La inteligencia artificial tiene su lado oscuro: es un gigante devorador de energía eléctrica. Si pudiese emular la arquitectura profunda de nuestro cerebro, ese problema desaparecería. Con los chips neuromórficos podemos disfrutar de una IA de bajo consumo, ya que justo imita el funcionamiento de nuestra mente.
En cualquier revolución, esta surge aprovechando la tecnología disponible en sus inicios. Las carrozas de tracción animal sirvieron de inspiración para la mecánica de los primeros coches a combustión. Y el teclado de tu computadora posee la disposición de las antiguas máquinas mecánicas de escribir.
En el caso de la inteligencia artificial ocurre lo mismo. Empleamos en ella tecnología de CPU y memoria diseñada para el funcionamiento de los ordenadores. Y la arquitectura de diseño creada por el matemático John von Neumann, hace ya un lejano 1945. En otras palabras, estamos desarrollando programas “pensantes” usando un hardware desarrollado para seguir procedimientos.
La máquina biológica pensante que conocemos, el cerebro, no opera como lo hace nuestra IA. Este almacena y procesa la información de forma simultánea, sin el ir y venir de datos que usan los modelos de inteligencia artificial actuales. Esta característica permite que nuestro pensamiento se produzca mediante breves pulsos eléctricos. Y que las neuronas, el hardware principal del cerebro, se activen solo cuando se necesiten.
Los chips neuromórficos
En palabras muy simples, los chips neuromórficos son una imitación no biológica de un cerebro. A diferencia de los chips convencionales, estos operan por eventos (spikes), por lo que permanecen inactivos si no se les requiere para procesar información relevante. Y no se limitan a los estados binarios 0 y 1, sino que se activan o desactivan con mayor matiz, imitando al funcionamiento del cerebro. Un funcionamiento que resulta ideal para aplicaciones de la computación cuántica.

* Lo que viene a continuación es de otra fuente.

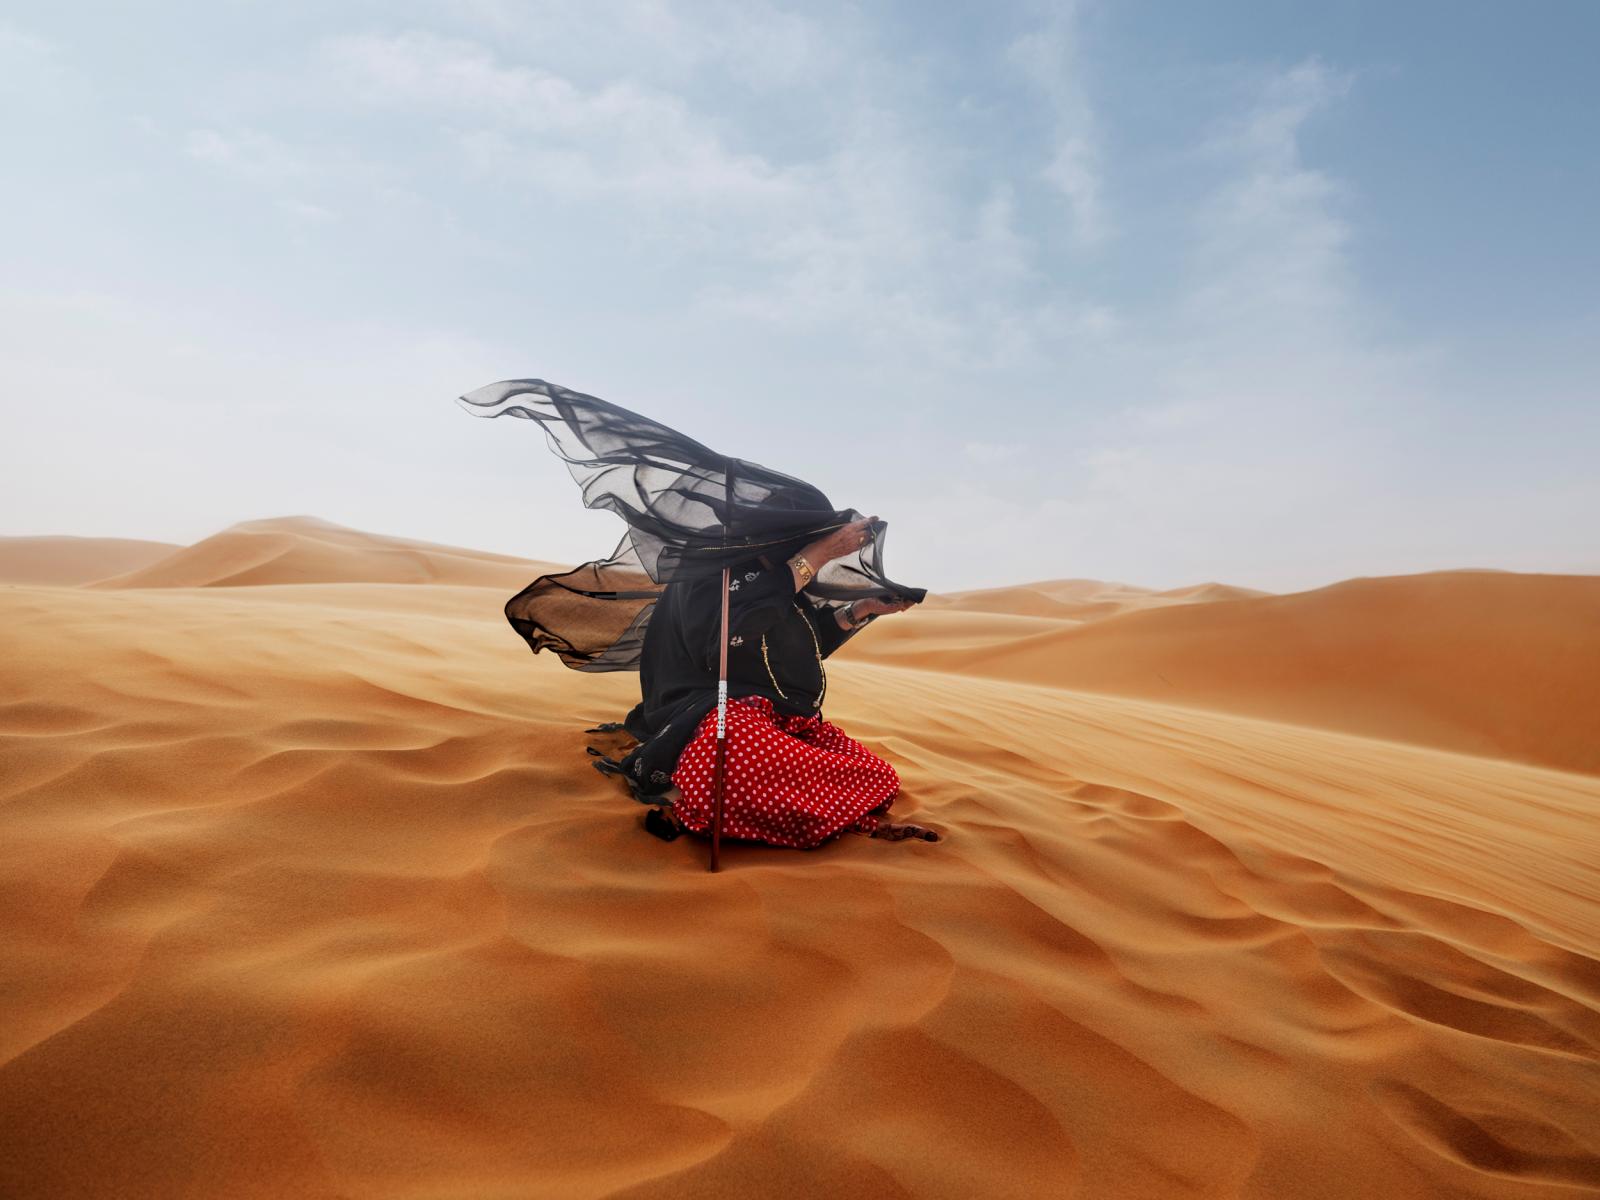 Fatima in a desert storm in Liwa, UAE

La eficiencia de estos chips es simplemente sorprendente: ¡consumen hasta mil veces menos que una GPU! Además, la memoria y el procesamiento de datos están integrados, por lo que el hardware resulta mucho más compacto. Por ejemplo, el chip neuromórfico Loihi 2 de Intel contiene un millón de neuronas de silicio en una superficie de apenas 31 mm².
Aunque asociamos los chips neuromórficos con la inteligencia artificial, en realidad su campo de aplicación es mucho más amplio. Uno de los principales es la robótica, ya que allí permiten a los robots procesar información sensorial de forma rápida. También le permite trabajar por mayor tiempo con menor carga de energía, debido al bajo consumo de su “cerebro”.

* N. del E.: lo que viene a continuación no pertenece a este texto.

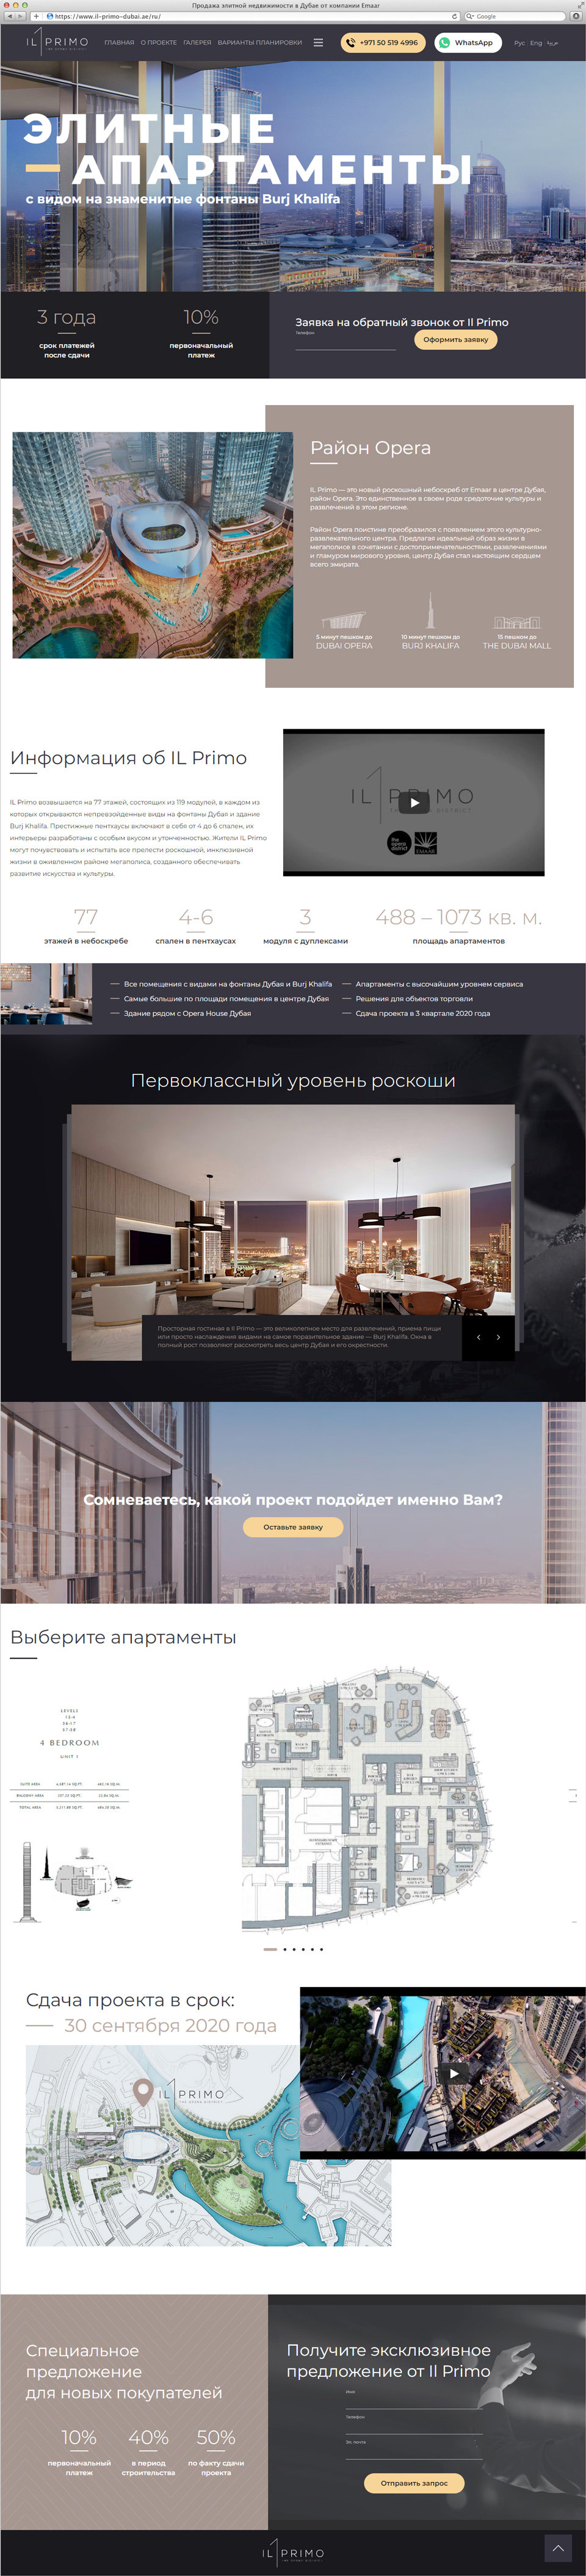 Раскрутка и создание сайта о новом небоскребе Il Primo в Дубае 4

Quizás la aplicación más prometedora sea la generación de redes de sensores inteligentes, trabajando como una gran red neuronal. Cada uno de ellos puede analizar localmente los datos y tomar decisiones autónomas para la micro gestión. Y decidir qué información compartir con el control central para que este pueda realizar la macrogestión. ¡Emulando así a las organizaciones humanas que gestionan recursos!
Las redes cognitivas de bajo consumo energético están a la vuelta de la esquina, gracias a los chips neuromórficos. Serán redes que sentirán, pensarán y reaccionarán. Y con capacidad de autogestionarse, sin la necesidad de contar con una central principal que se sature de datos. La mayoría de la información no viajará, se procesará en sitio.
Contar con una red de sensores con inteligencia artificial nos permitirá desarrollar redes con eficiencia biológica, sin un coste energético prohibitivo. Y este uso racional de la energía nos permitirá disminuir la huella de carbono asociada a las tecnologías de información y comunicación.
Pero no todo será de color rosa; hay una tonalidad gris en el futuro. Una red inteligente descentralizada será difícil, sino imposible, de desconectar. Y la saga fílmica Terminator nos dejó muy claro el riesgo que esto implica.